Он подошёл к большой глиняной чаше, чья ножка, причудливо изогнувшись, врастала в стену. Над сосудом нависала выступающая из камня рыбья голова — серебристая, блестящая, с маленькими плавничками по бокам и выпученными глазами. Из пасти рыбы потекла вода, и эльф подставил под струю каменный шарик, опутанный тесёмками.
«Вода приходит сюда сама,» — покачала головой Кесса. «Кто-то проложил ей дорогу в камне. Удобно…»
Она встала у окна, прикоснулась к краям узкой прорези, закрытой цветными стёклами, — и камни зашевелились под её пальцами, расползаясь в стороны. Стеклянная ширма поднялась наполовину, и в лицо Кессе ударил сырой холодный ветер. Она увидела поодаль синевато-серые базальтовые стены с узкими щелями окон, тёмно-зелёные черепичные крыши, поливаемые дождём, и ветви с серебристой листвой, вознёсшиеся надо всеми строениями. Что внизу, Кесса не видела, — там смыкались, закрывая двор от дождя, лиственные навесы, и под ними что-то шуршало, звякало, изредка фыркало и взрёвывало. Небо тонуло в серо-белосой хмари, и просвета в тучах не было. Кесса вдохнула холодный воздух и растерянно замигала.
— Почтенный Риланкоши! Скажи, какой сейчас месяц?
— Первый день Маринни, — отозвался эльф, перебирающий склянки и камешки. — Ты проспала тринадцатый Семпаль.

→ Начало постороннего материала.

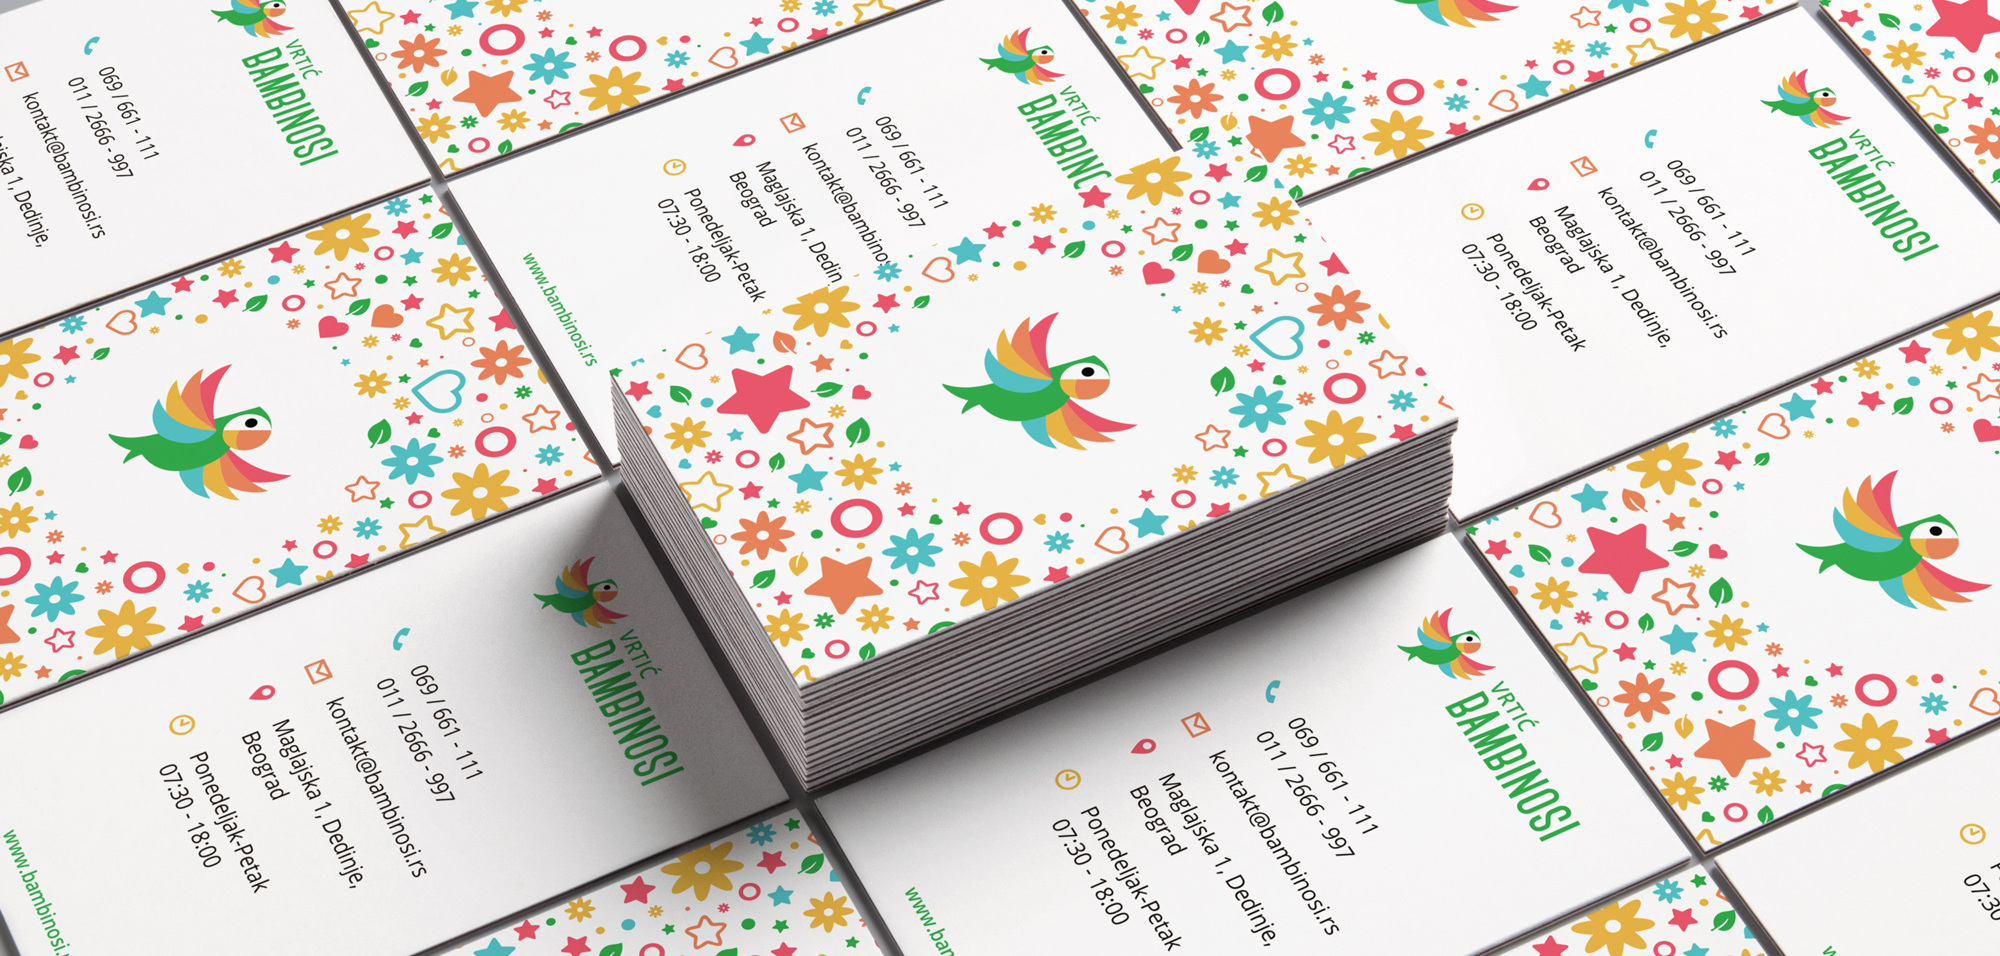 bambinosi brand identity design - mockup of a colorful business card design using the brand pattern design

— Маринни?! — Кесса опустилась на скамью, ошеломлённо качая головой. — Была же середина Айкени!
— Да, помню, — Риланкоши с трудом сдерживал смех. — А ещё было начало Дикерта, и конец Олэйтиса был тоже. Довольно много разных дней прошло с тех пор, как Миннэн Менкайхизгу пришёл сюда. И вот новая зима на пороге… Хорошее время для сна.
— Первый день Маринни, — прошептала Кесса. — И Речник Фрисс уже пришёл в Кигээл, и все, кто погиб, снова живы… и все они вернулись в Фейр… все, кроме меня!
Она всхлипнула и сердито провела по глазам рукой. «Фрисс, наверное, подумал, что я разбилась насмерть! Как же он расстроился…»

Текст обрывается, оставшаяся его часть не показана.